How Slack automates deploys

How Slack automates deploys

This is the latest issue of my newsletter. Each week I share research and perspectives on developer productivity. Subscribe here to get future issues.


This newsletter typically shares research on what impacts developer productivity. Today, I’m putting the spotlight on a team at Slack that is putting some of these ideas into practice.??

Slack runs on a large monolithic service where hundreds of developers implement hundreds of changes each week. Naturally, continuous deployment at this scale is a challenge. As the company has grown, deploys started to become increasingly difficult and manual.
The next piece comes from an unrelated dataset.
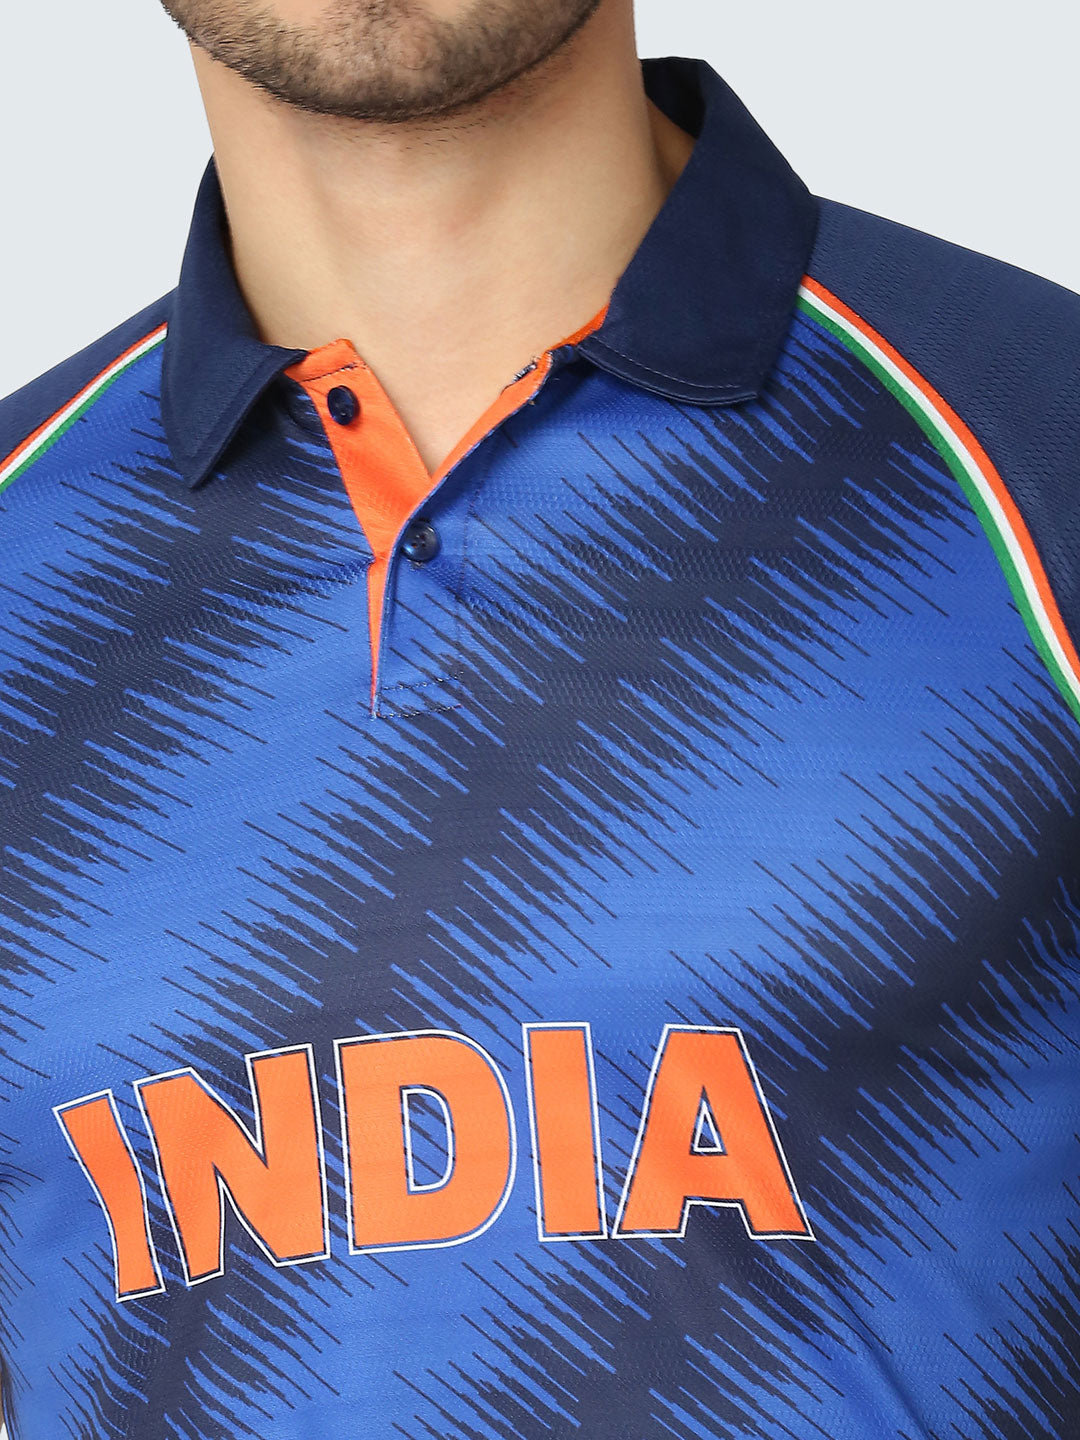 India Cricket Team Polo T-shirt

Slack’s Release Engineering team has transformed the deployment process from a manual one involving “Deploy Commanders” to a fully automated process using anomaly detection powered by Z-scores. In today's issue we hear from Sean Mcilroy, from the company’s Release Engineering team, as he dives into how this transformation happened.?
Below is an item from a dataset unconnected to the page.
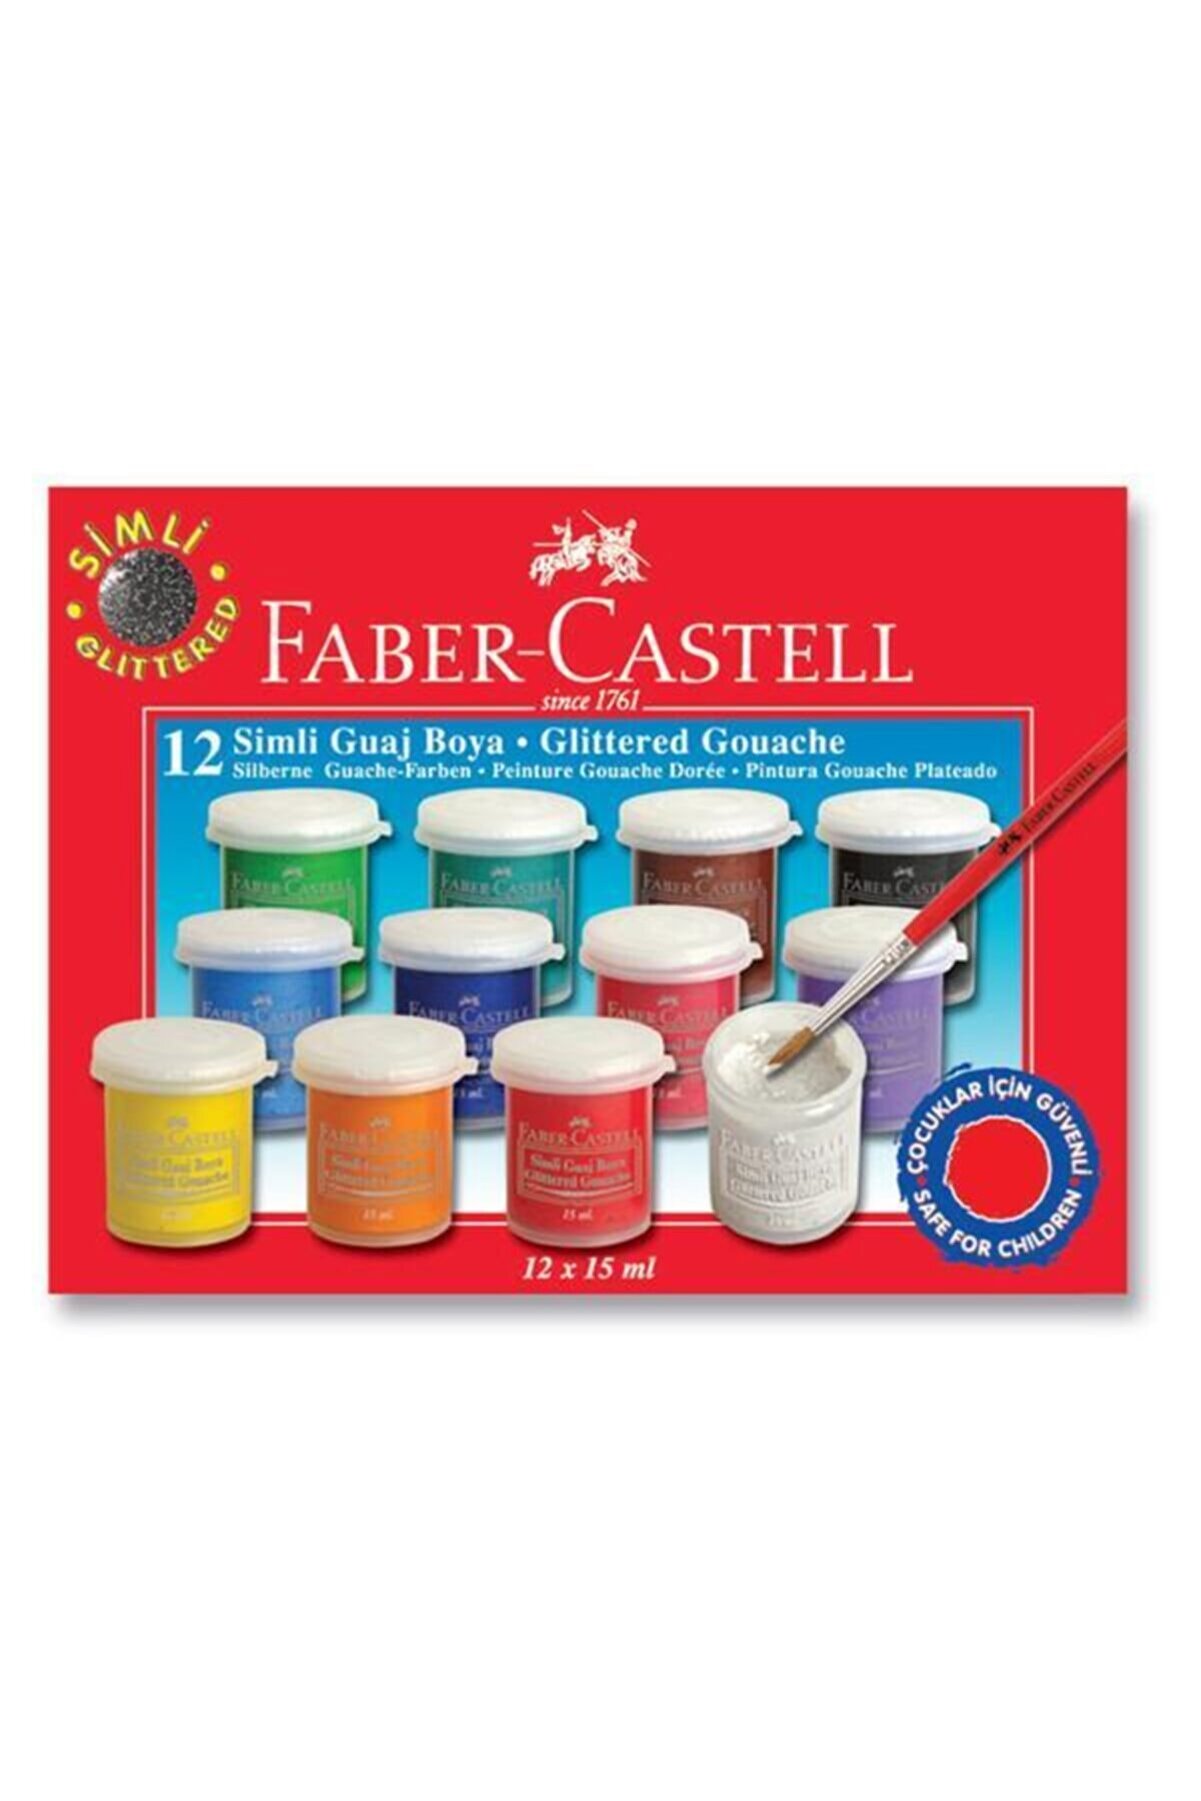 Faber Castell Faber Guaj Boya Simli 12 Li 160404 /

This story is a great example of a team that streamlined the developer experience through thoughtful automation and tools.

You can also listen to my full interview with Sean on the Engineering Enablement podcast.

About Slack’s Release Engineering team

Slack’s Release Engineering team is a team of five that owns various pieces of the infrastructure around building and deploying Slack’s monolithic service, which is called “The Webapp.” Most of Slack runs on the Webapp. ‘It’s a gigabytes large, mono-repo with hundreds of developers working on it every day, so getting this thing built and continually deployed has its own unique set of challenges. That’s why we have a team dedicated mostly to focusing on just it.’

How the deployment process worked previously

Deploys used to be managed using Deploy Commanders (DCs). There were hundreds of DCs, who were trained volunteers. DCs would be put on a rotation to work a 2 hour shift where they’d walk the Webapp through its deployment steps, watching dashboards and executing manual tests along the way. Slack’s Release Engineering team managed the deployment tooling, dashboards, and the DC schedule.?

The challenge was that DCs didn’t feel confident making decisions. The Release team heard this feedback frequently. ‘Technically the process worked, but it was stressful. It’s difficult to monitor the deployment of a system this large. Also, DCs were on a rotation with hundreds of other developers. How do you get comfortable with a system that you may only interact with every few months? What’s normal? What do you do if something goes wrong? We had training and documentation, but it’s impossible to cover every edge case. Deploying something this large that affects this much of the company was an uncomfortable process for people.’

Changing the process?

Initially, the Release Engineering team focused on giving Deploy Commanders better signals. Automating the process wasn’t yet on their radar. ‘The joke was that we were just going to have a single UI with a red button and a green button for go or no go, and that’s all deploy commanders would watch. That was the abstract goal, to have something that said ‘things are bad or things aren’t bad’ so DCs don’t have to be experts on a million different things.”

The team sought to answer the question: How do you determine if things are good or bad? After some investigation, they decided to use anomaly detection with Z-scores. This approach is intuitive: during a deployment, DCs are monitoring dashboards for any noticeable differences. They’re looking for a spike or an anomaly. To make this easier, the Release Engineering team created ReleaseBot, a tool that detects anomalies and alerts DCs when something unusual happens.

Anomaly detection

Slack has two ways of detecting anomalies: Z-scores and thresholds.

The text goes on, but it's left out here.